A year ago, people looking for a high-end Android device were torn between the HTC One series, the Samsung Galaxy S series, the Sony Xperia Z series and the LG G series. Today, people still think of this awesome foursome, but – and this is quite a massive ‘but’ – they are also considering the offerings from what we call the ‘high spec – low price‘ price players. There are those who insist that a person wanting a premium device will not even think of investing in a much lower priced device, but if we had a penny for every time someone has asked us whether they should go for a OnePlus One or HTC One M8 (the One M9 had not been released at the time), we would have made a pretty penny. No, we are not saying that the “high spec – low price” players will clean out the premium priced ones, as some pundits are saying – but judging from the success enjoyed by the likes of Xiaomi, OnePlus and Lenovo, they are certainly not doing badly at all. They might not have the sort of ‘brand equity’ built over time that the likes of Samsung, HTC, Sony or LG have, but what they do possess are killer prices with a very decent hardware-design blend.

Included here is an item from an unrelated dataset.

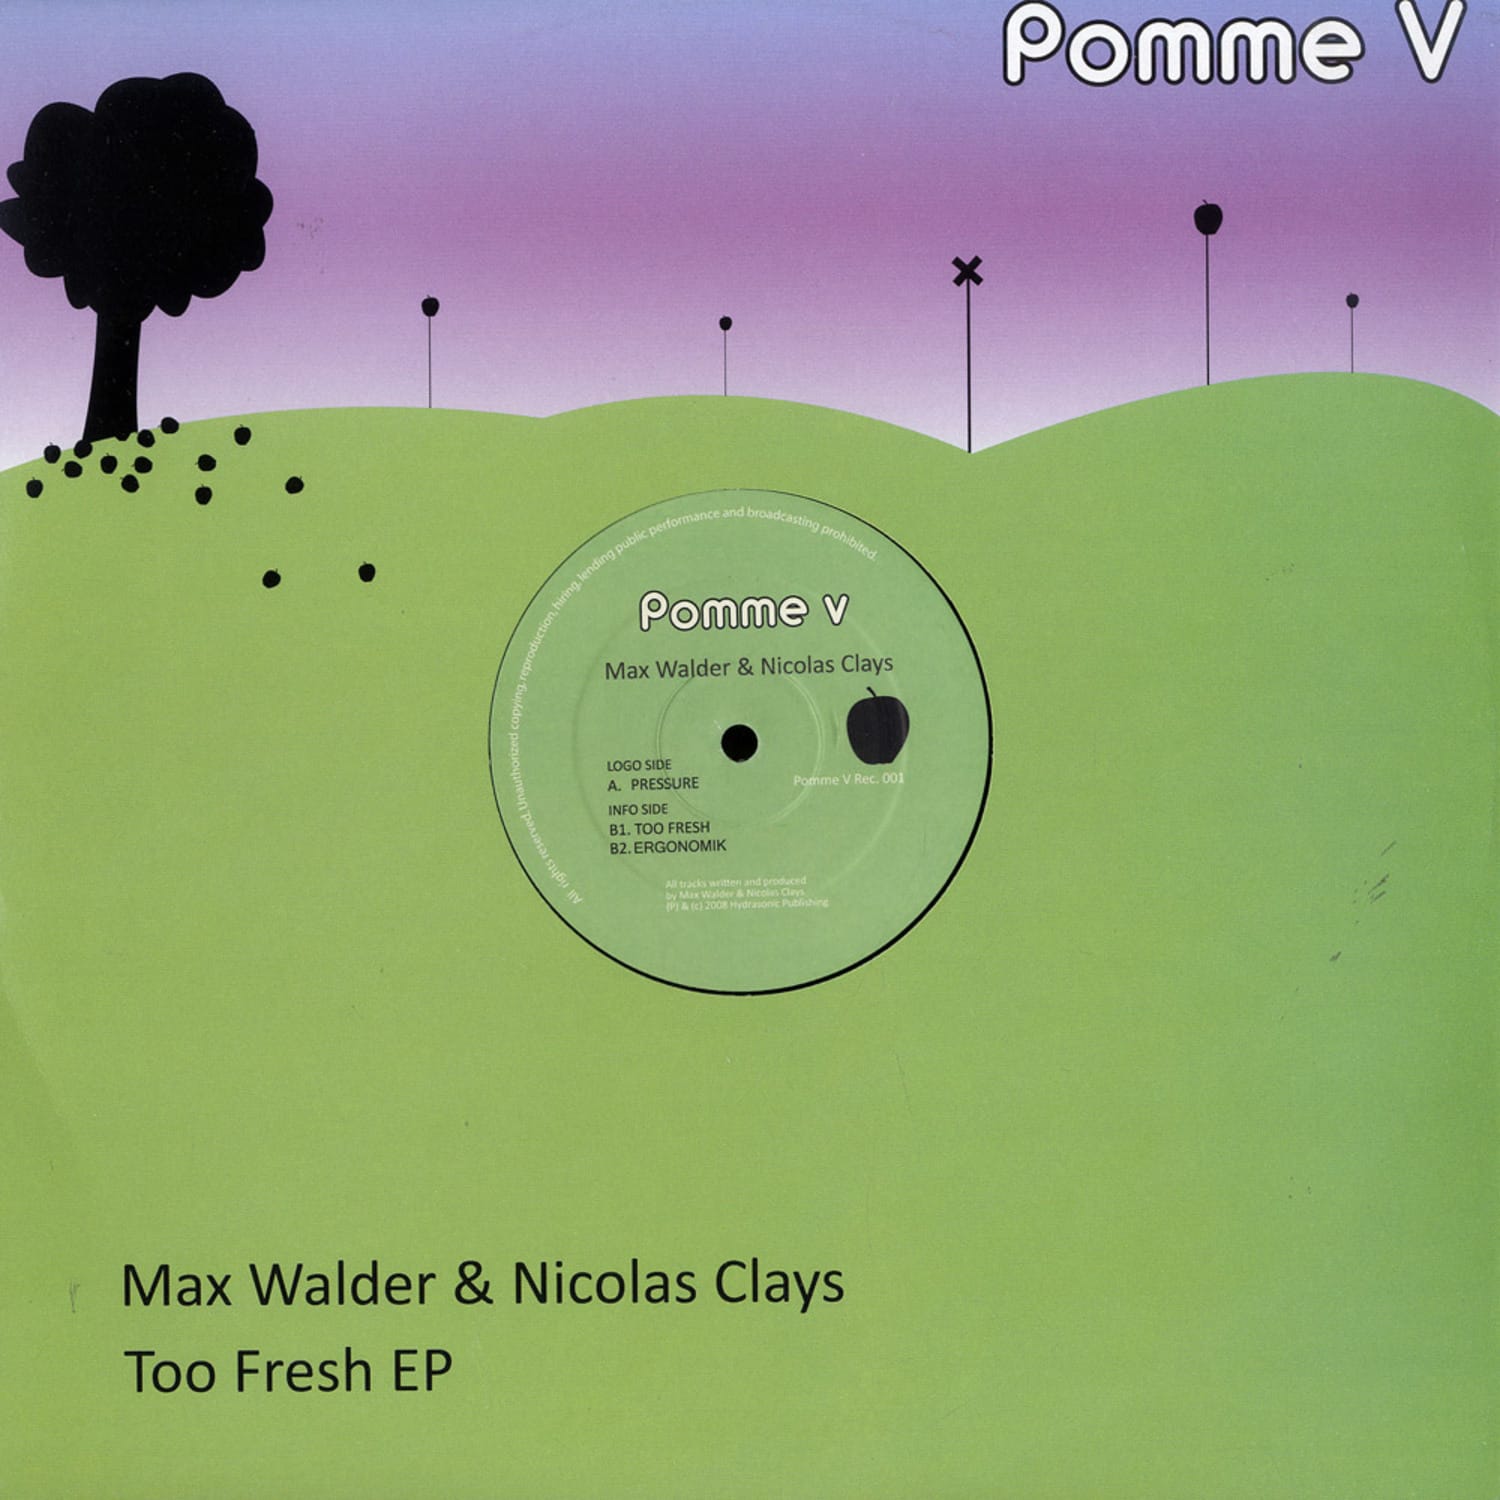 Max Walder & Nicolas Clays - TOO FRESH EP 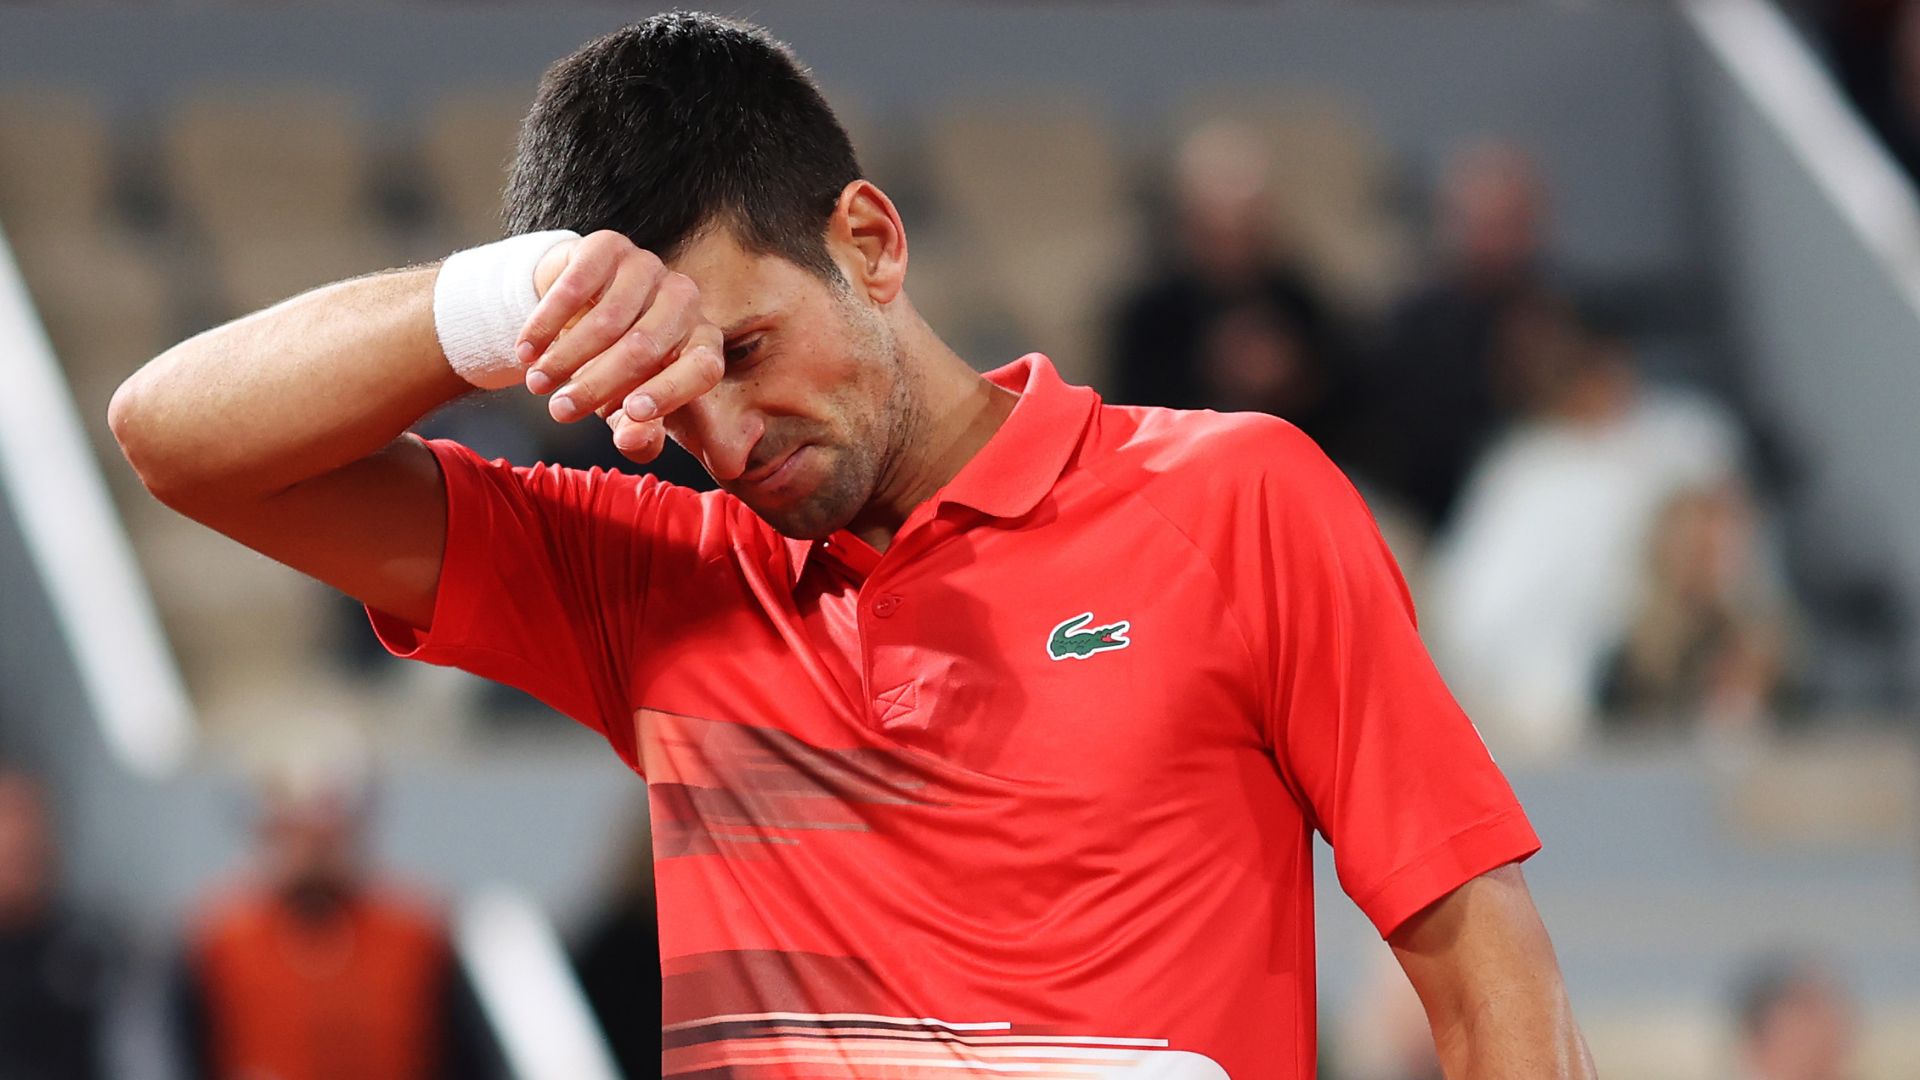 US Open explica inscrição de Djokovic

The premium segment might prefer to stick to its higher-price tags, but what cannot be denied is that there is a new kind of flagship docking in the Android harbor. It does not look bad at all, it has a pretty powerful crew in terms of hardware and software, and those wanting a cruise on it need not shell out a premium price. It will not sink the exclusive premier high-end fleet yet, but it will give consumer an alternative to shelling out a bomb for high quality.

Yeah, Android just got a bit more fragmented. And this time, it is not on OS versions, but on flagship prices.

And this is one fragmentation we are not complaining about. Not one bit.